By Lilly Moore
Staff Writer
Kiese Laymon, professor in English and creative writing at the University of Mississippi, has returned to Sewanee to act as writer-in-residence the week of September 5-10. Along with readings from his latest novel, Heavy: An American Memoir, participation in a panel in “Southern Writing in the 21st Century,” and his first DJing gig at the Social Lodge, Laymon offered his services in a workshop to help students understand voice in writing.
Laymon began the workshop by stating his intentions: he didn’t want to keep the students sitting silently in their seats while he lectured up at the board; he wanted a conversation. This broke from the typical experience with traveling professors, where students sit and wait to hear a professor’s expertise.
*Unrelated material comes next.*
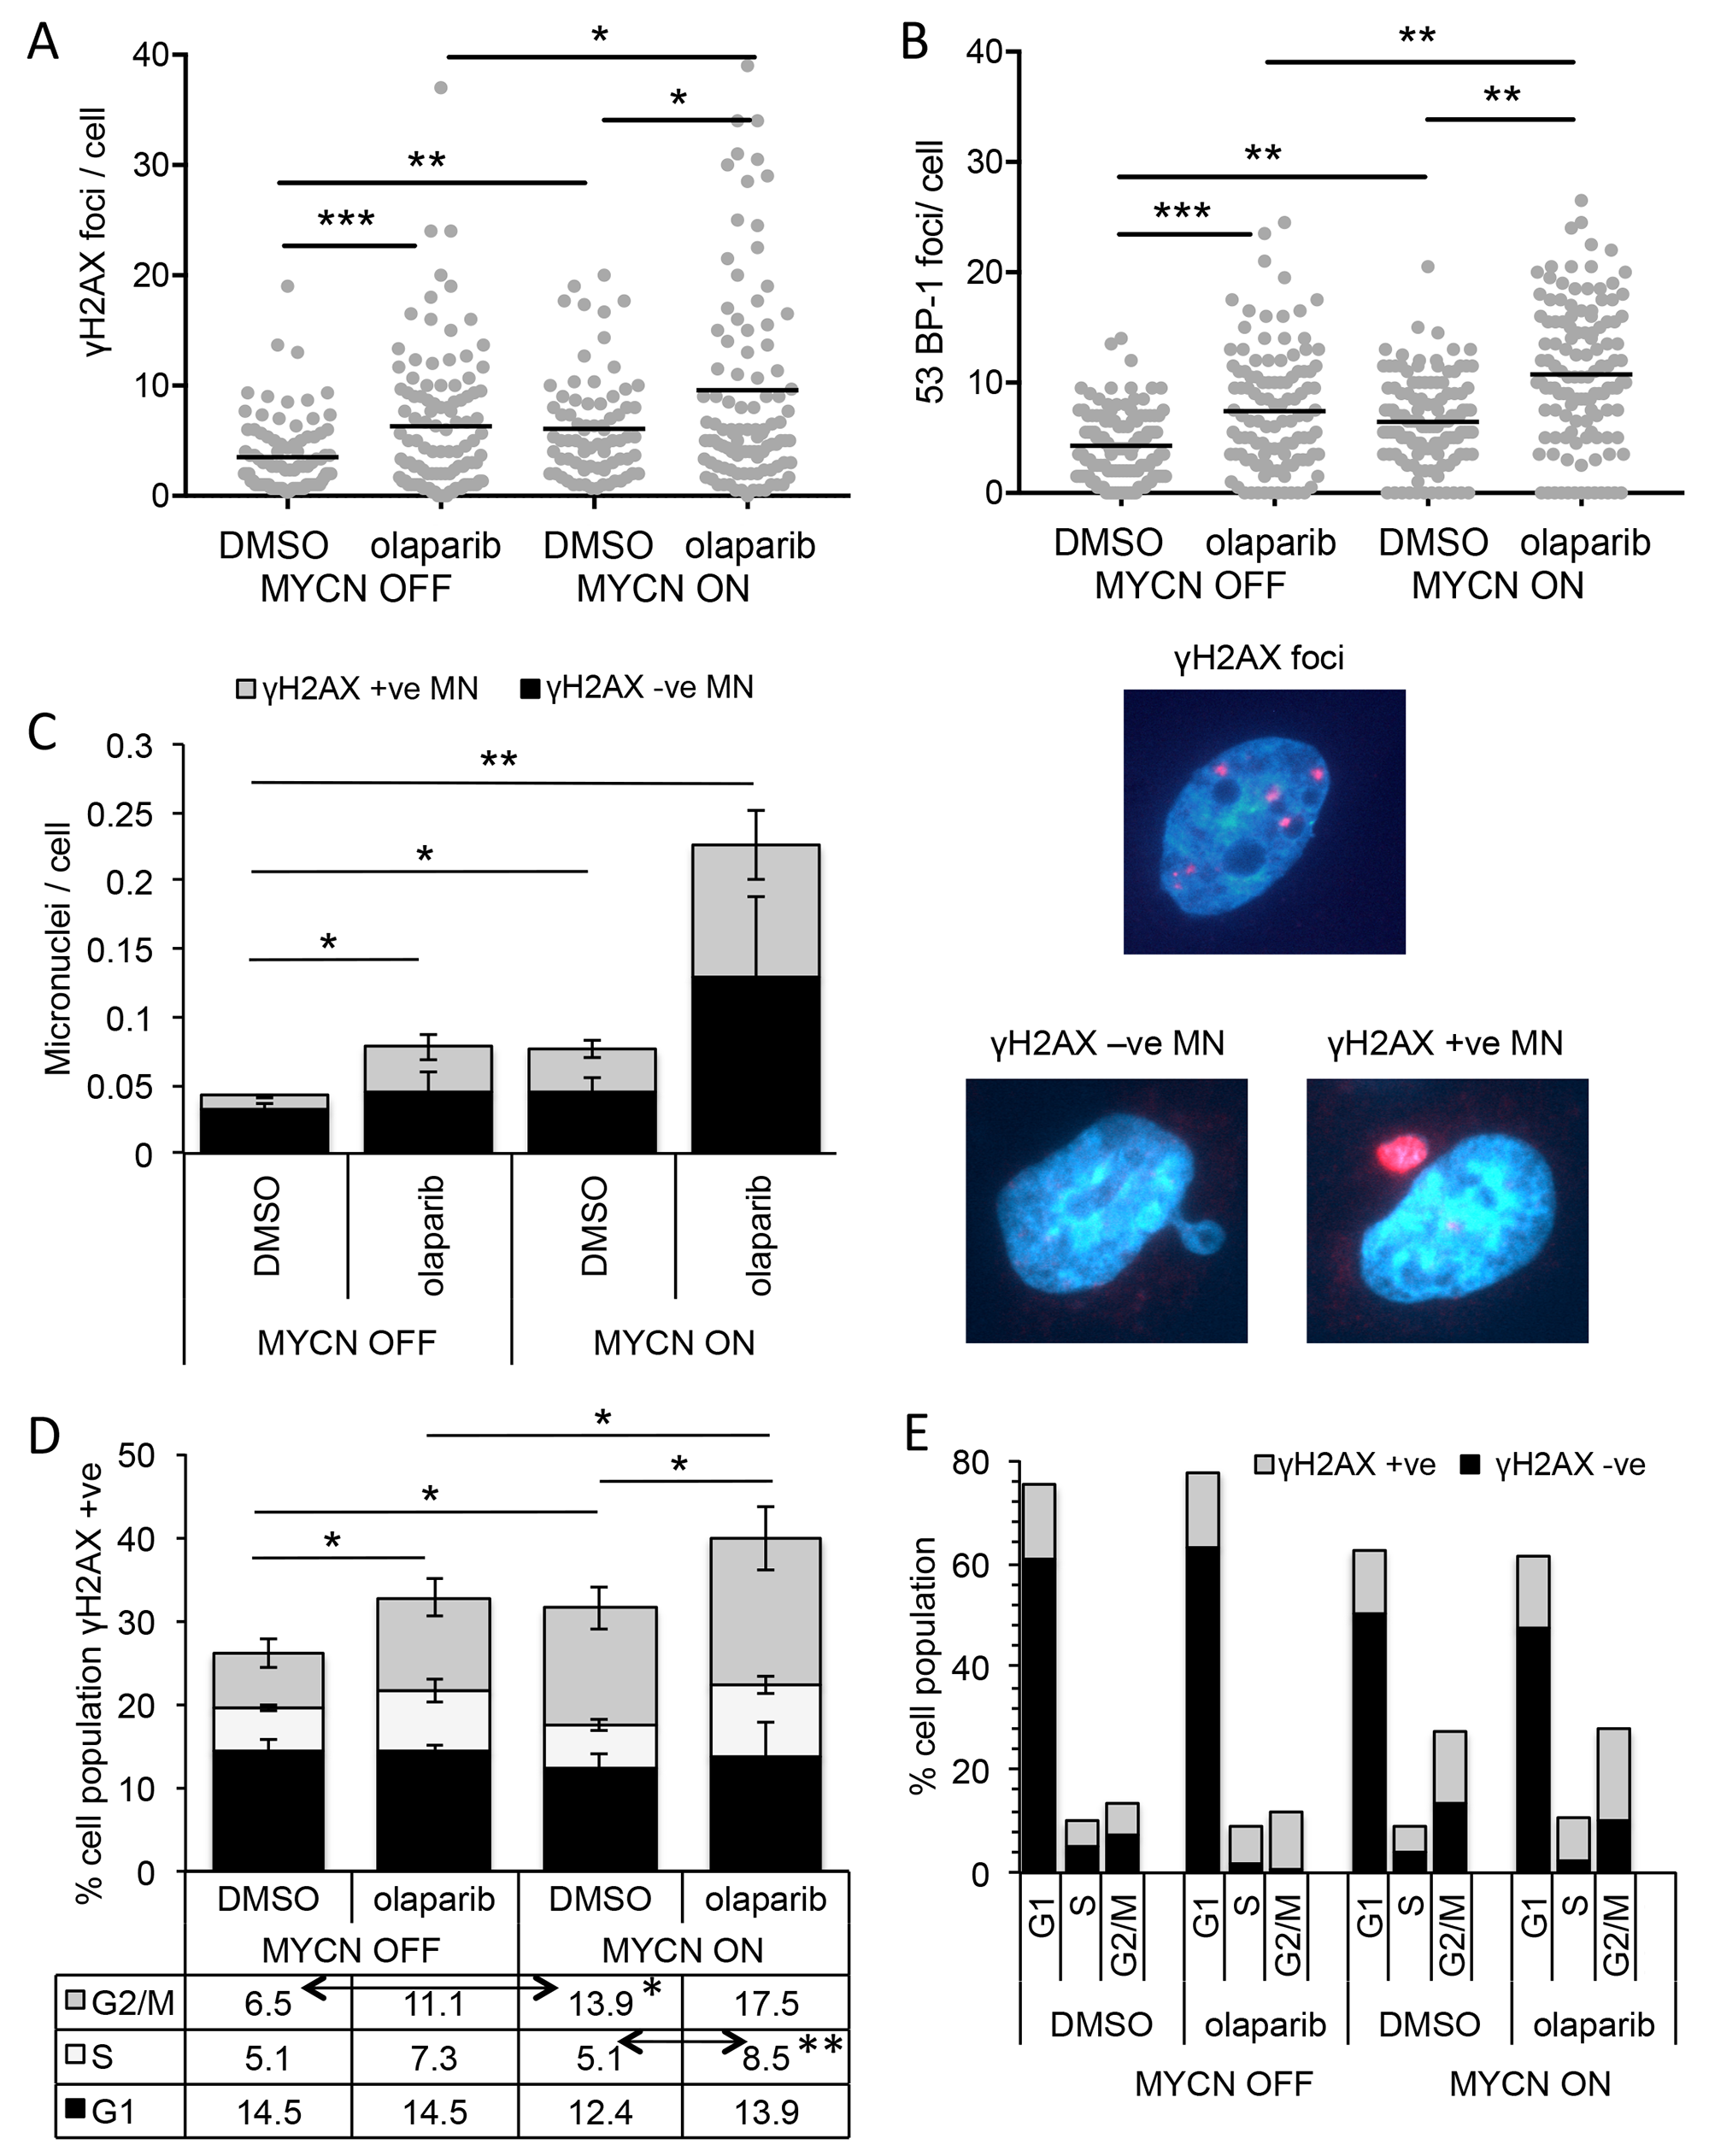 PARP inhibition induces more DNA damage and DNA double-strand breaks in NB cells when MYCN is expressed, predominantly in the S-phase of the cell cycle.

Adorned in a hoodie and sneakers, Laymon’s alternative style of teaching and of demonstrating how a professor can present himself encouraged the participants of the workshop to be actively involved. No question posed by Laymon went without several willing and excited answers.
Laymon covered many topics within his workshop involving the use of voice. He began in a more academic sense, covering more basic topics to ensure the class was able to understand the content of the workshop. He and the participants discussed differences between point of view and perspective and the vital nature of secondary characters.
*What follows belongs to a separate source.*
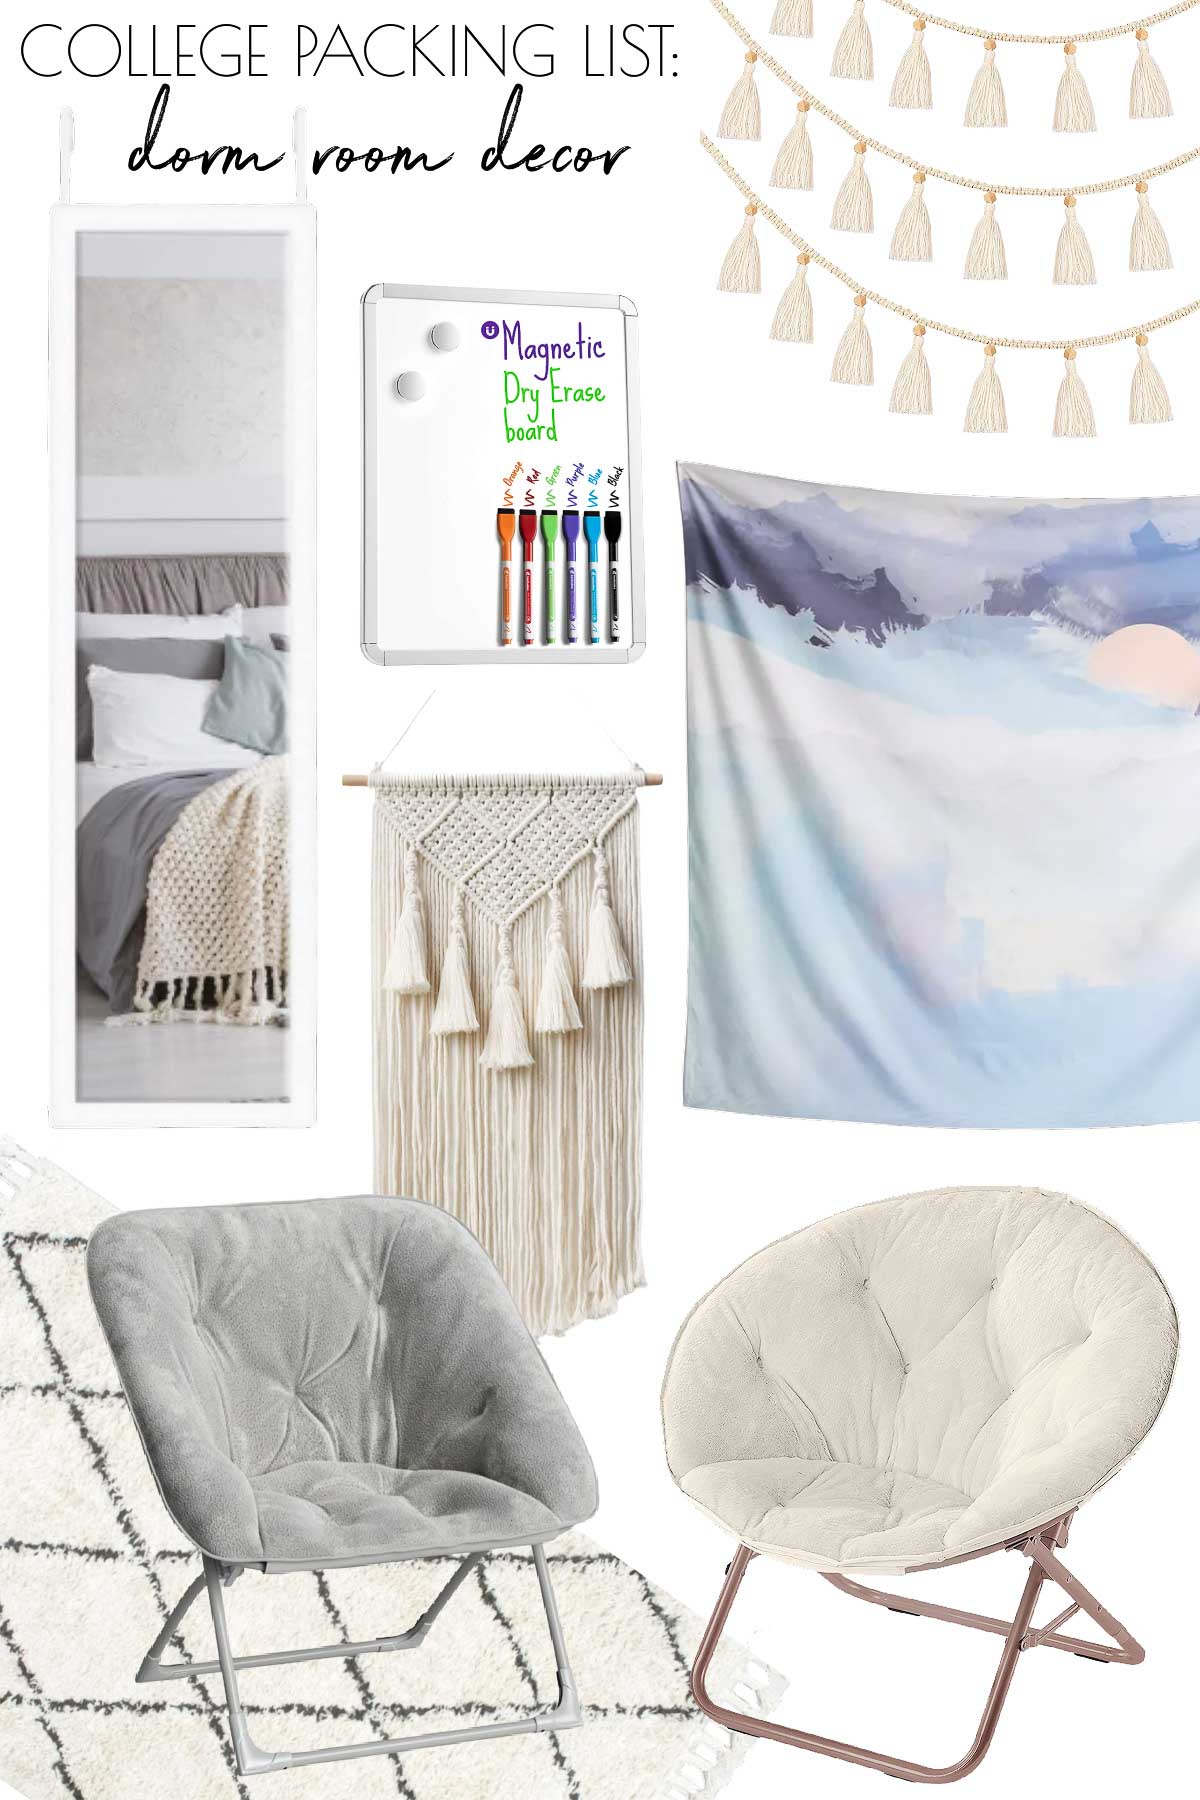 Dorm decor items to add to your college packing list

As the workshop progressed, Laymon began to challenge the students more. As his own passion in writing deals largely with growing up as a black boy in Jackson, Mississippi, he encouraged the participants of the workshop to discuss topics such as race, gender, and sexual orientation, within their own writing.
He questioned their anxieties in using a voice that does not necessarily belong to them. “Why are you afraid?” he asked. “Do you feel anxiety when thinking about writing people of color and LGBT characters?” Many students agreed that they did.
“Everyone is comprised of different voices,” Laymon told the class. He discussed with his students how and why they change their voice in certain circumstances, and what these modulations had to do with identity and power. Students brought in their own experiences of this effect in their day-to-day life, relating it back to the their gender, race, and feeling of power in those situations.
“I think there’s a way to discover the voices we have via writing,” he explained. Laymon encouraged his students to utilize their writing to deal with these modulations which they make. He challenged them to take risks, to go outside of themselves and write experimentally. Laymon also encouraged them to maintain respect and accuracy, but to not feel anxious in their ambitions to understand others through voice.
After the workshop, Laymon had time to briefly speak with The Sewanee Purple. When asked whether he thought finding one’s voice comes through the creative process or real life, he replied, “I think the root of finding your voice is in real life, but I think the creative process can help you hone that voice which you’ve found in real life.”
On the subject of whether attention to voice in real life can affect power and identity in society, Laymon said, “I think that if you pay attention to the ways that we talk to people and the ways which people talk to us, and the ways that we’re encouraged to talk to people in particular situations, if we pay a lot of attention to it, I think hopefully we can interact with people in less violent ways in real life and hopefully in our art.”
Laymon also offered advice for those who wish to pursue creative writing but feel nervous about finding a voice.
“One: I think you honor all of your voices, like you really think about all of the different voices you use in different social situations, and I think you think about the voices you’re discouraged to use,” he said. “And if it was me, what I would try to do is think about the voice we’re discouraged to use and try to write a story from that particular voice, that’s the smallest voice we might have. I think sometimes you can do some interesting things by sitting in the smallest part of you.”